Sin da giovane, quale cristiana e profondamente cattolica, fu impegnata nel prestare aiuto e consigli ai bisognosi, alle famiglie in difficoltà, ai giovani sposi, a coloro che si preparavano al matrimonio, alle giovani madri: lo fece, anche, pubblicando saggi sulla rivista “Il Solco” ed opere letteralmente dedicate agli scopi dalla stessa voluti e che usciranno nel periodo in cui anch’ella si sposò. Si possono ricordare Una mamma, un babbo ed un bambino (Treviglio-Firenze, Bemporad, 1924), Trililì, dedicato ai piccoli (ibidem, 1924) e, più tardi, per le ragazze avviate al matrimonio, La promessa sposa: schemi per corsi per fidanzate (Roma, Sales, 1937). La sua attenzione al mondo della famiglia non venne mai meno e alla stessa dedicò altre opere, tra cui ci limitiamo a citare I giorni della fanciullezza (Roma, Sales, 1941).

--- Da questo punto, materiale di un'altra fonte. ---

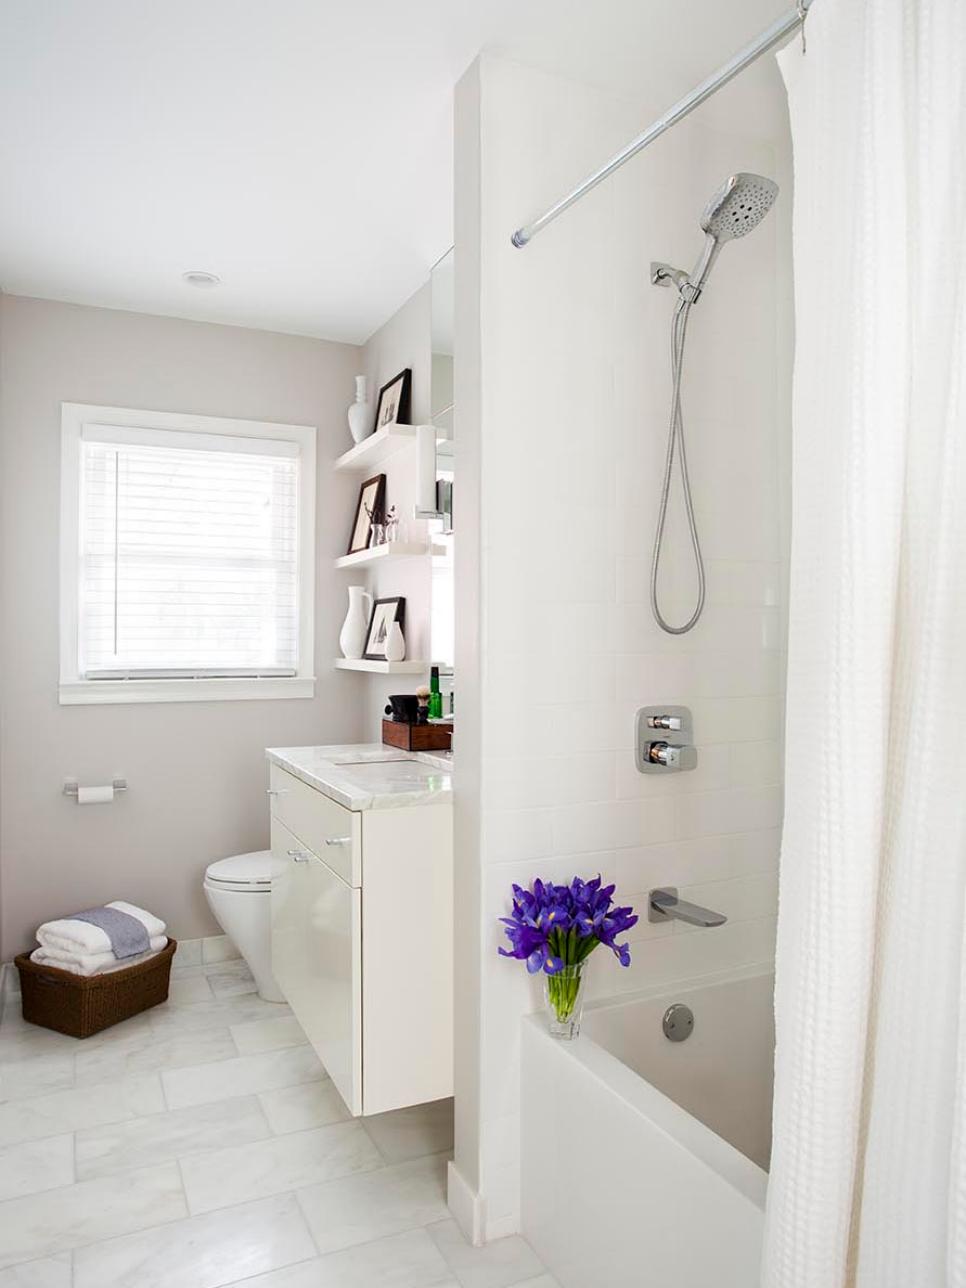 All-White Contemporary Bathroom With Purple Iris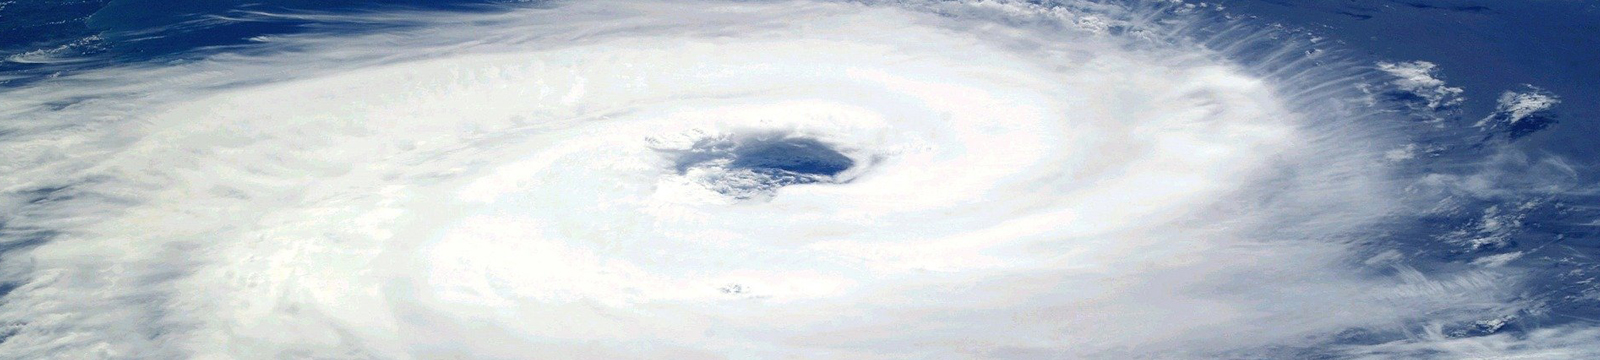 satelite image of hurricane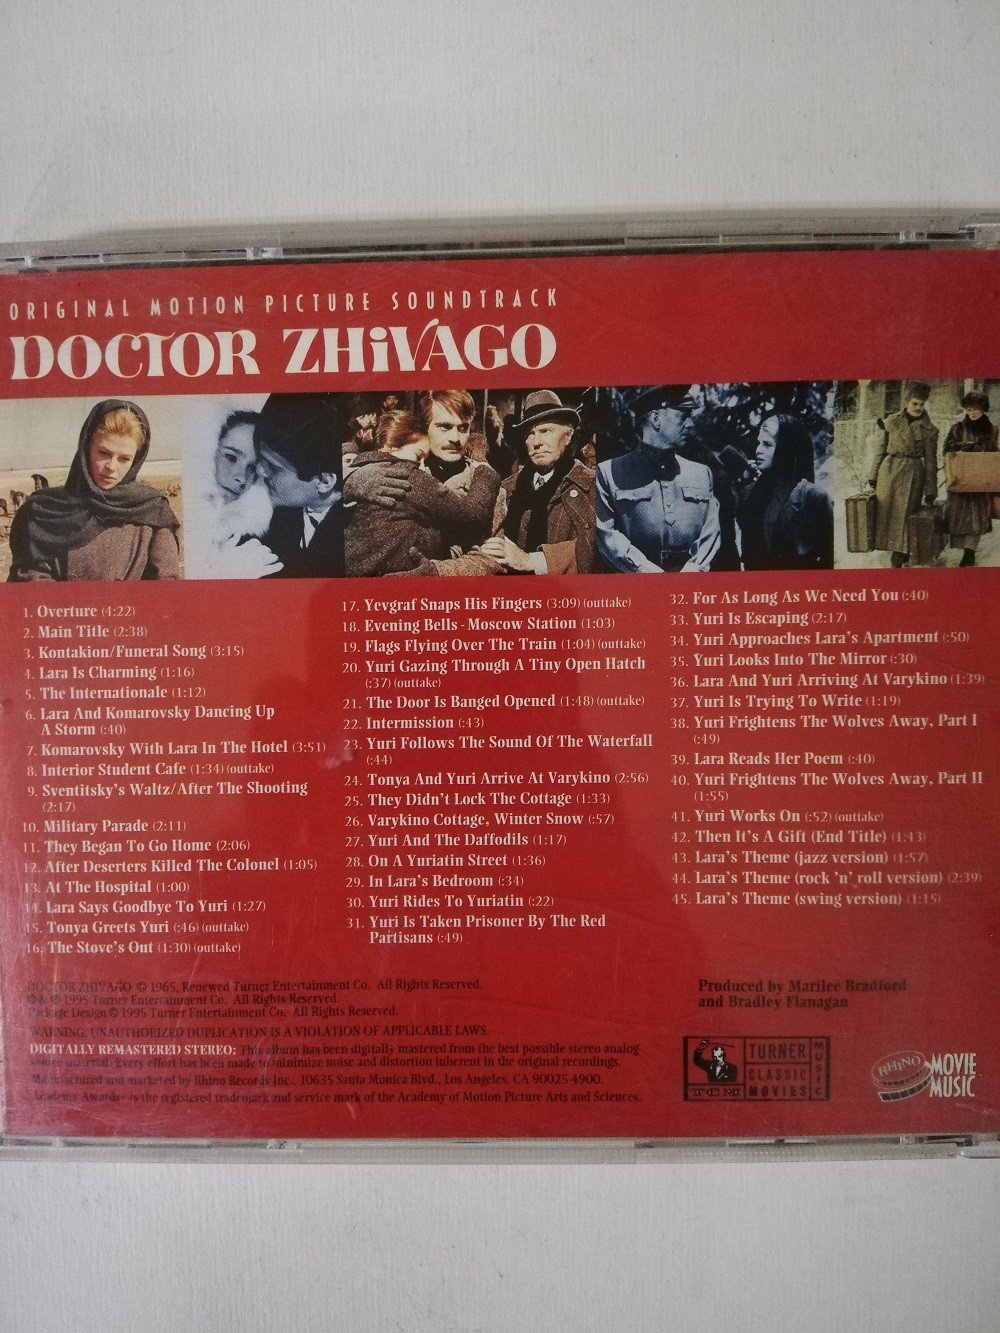 Imagen CD DOCTOR ZHIVAGO - ORIGINAL MOTION PICTURE SOUNDTRACK 2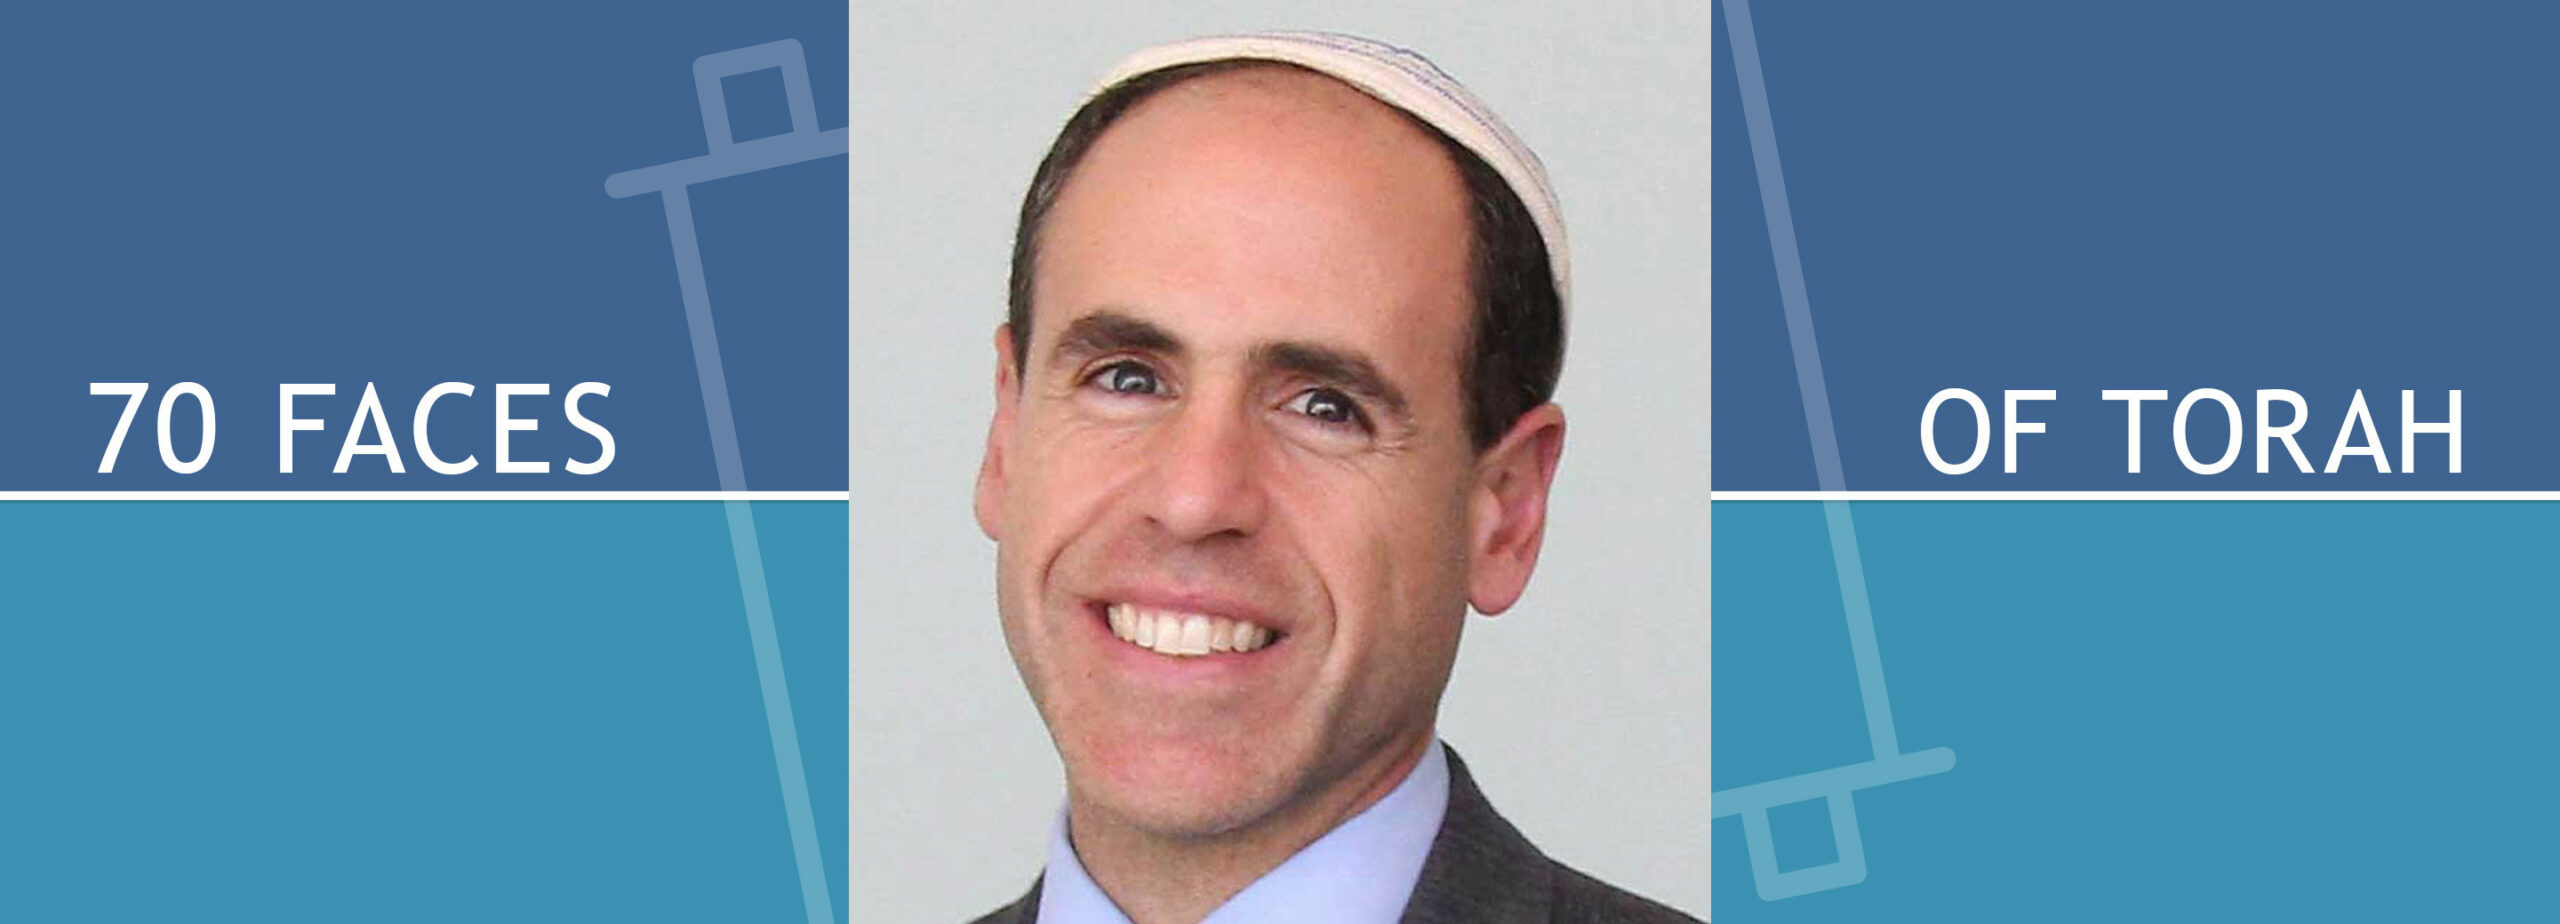 Rabbi Dan Berman 70 Faces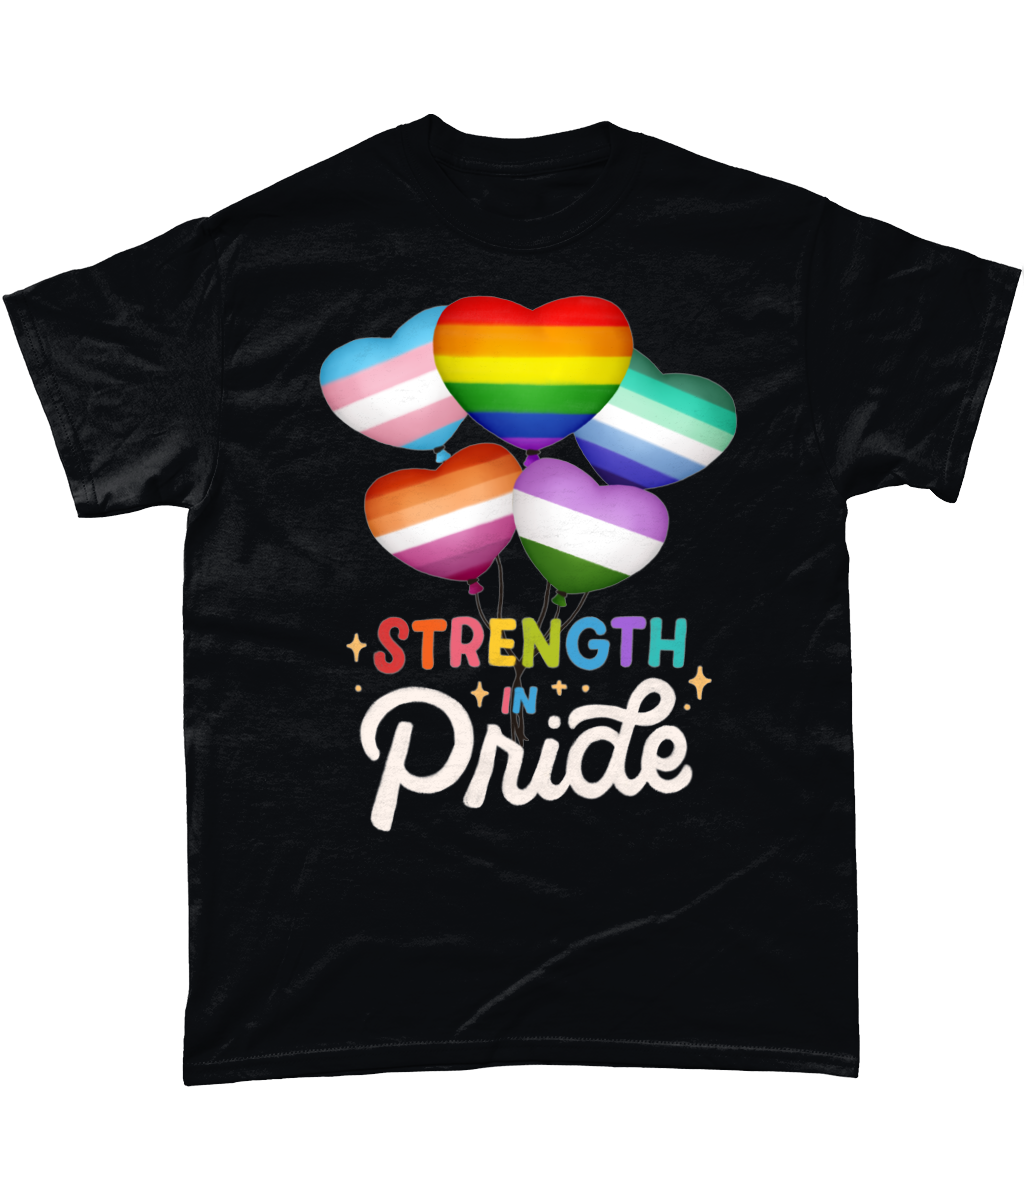 Strength in pride gay trans LGBTQIA T-Shirt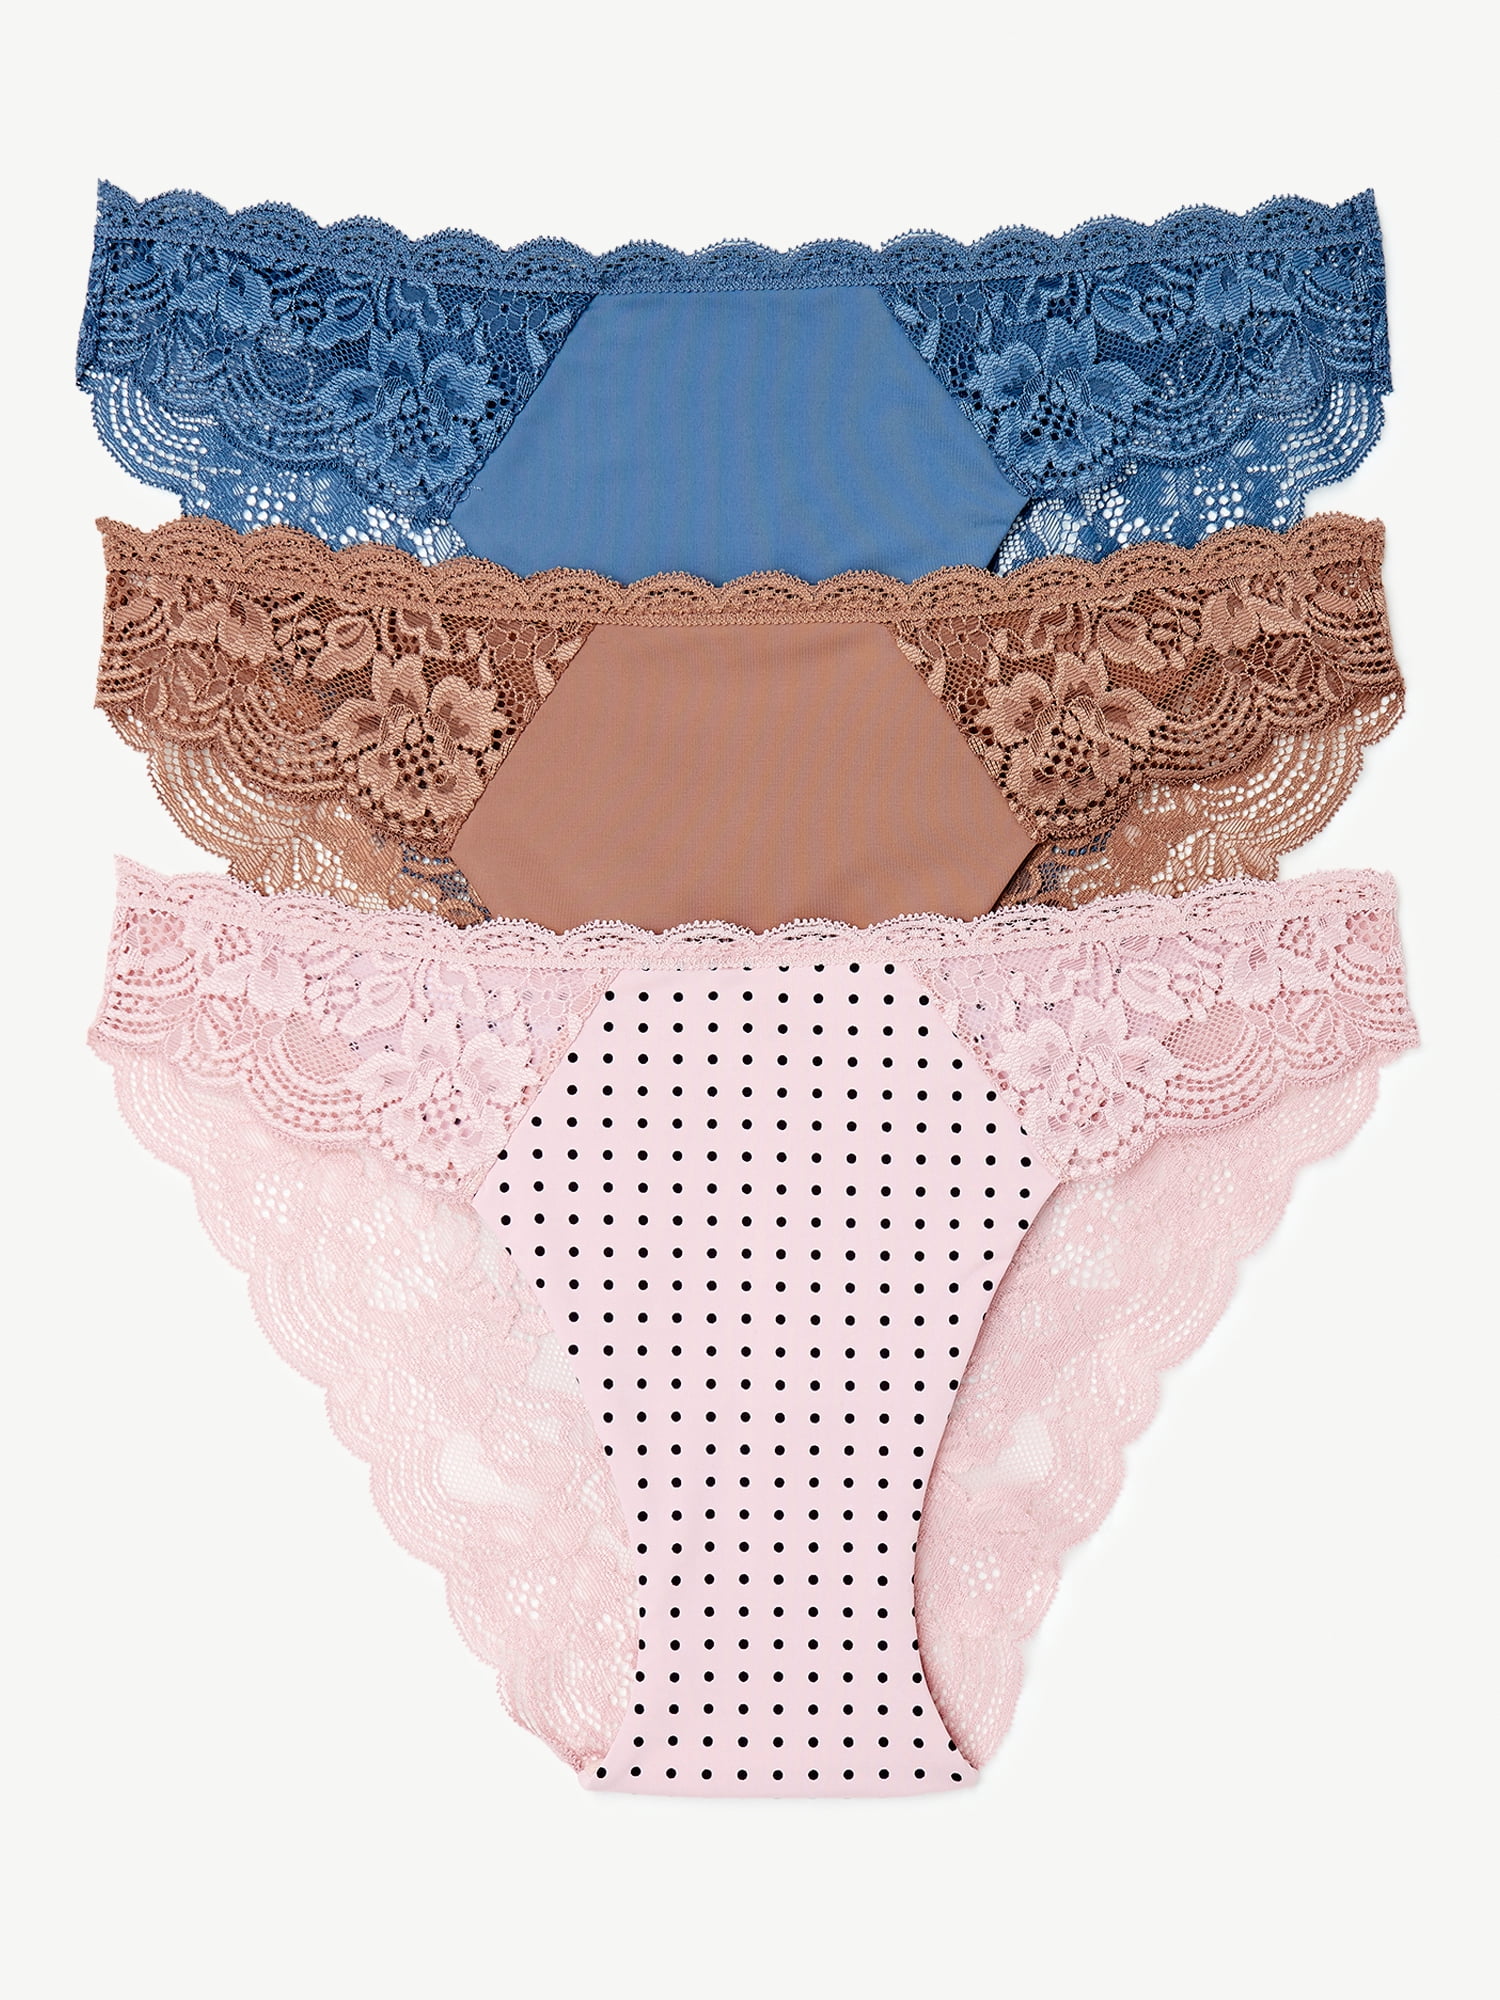 Joyspun Women S Cheeky Panties 3 Pack Sizes To 3xl

Il 10 maggio 1924 si unì in matrimonio con Ugo Sesini (v. questo Sito), grande filologo musicale, partigiano e morto in campo di concentramento di Mauthausen nel 1945. Dal giorno in cui, al suo cognome aggiunse anche quello del marito, ma anche assai spesso prima, Verona e Trevenzuolo erano diventate le sedi della sua vita.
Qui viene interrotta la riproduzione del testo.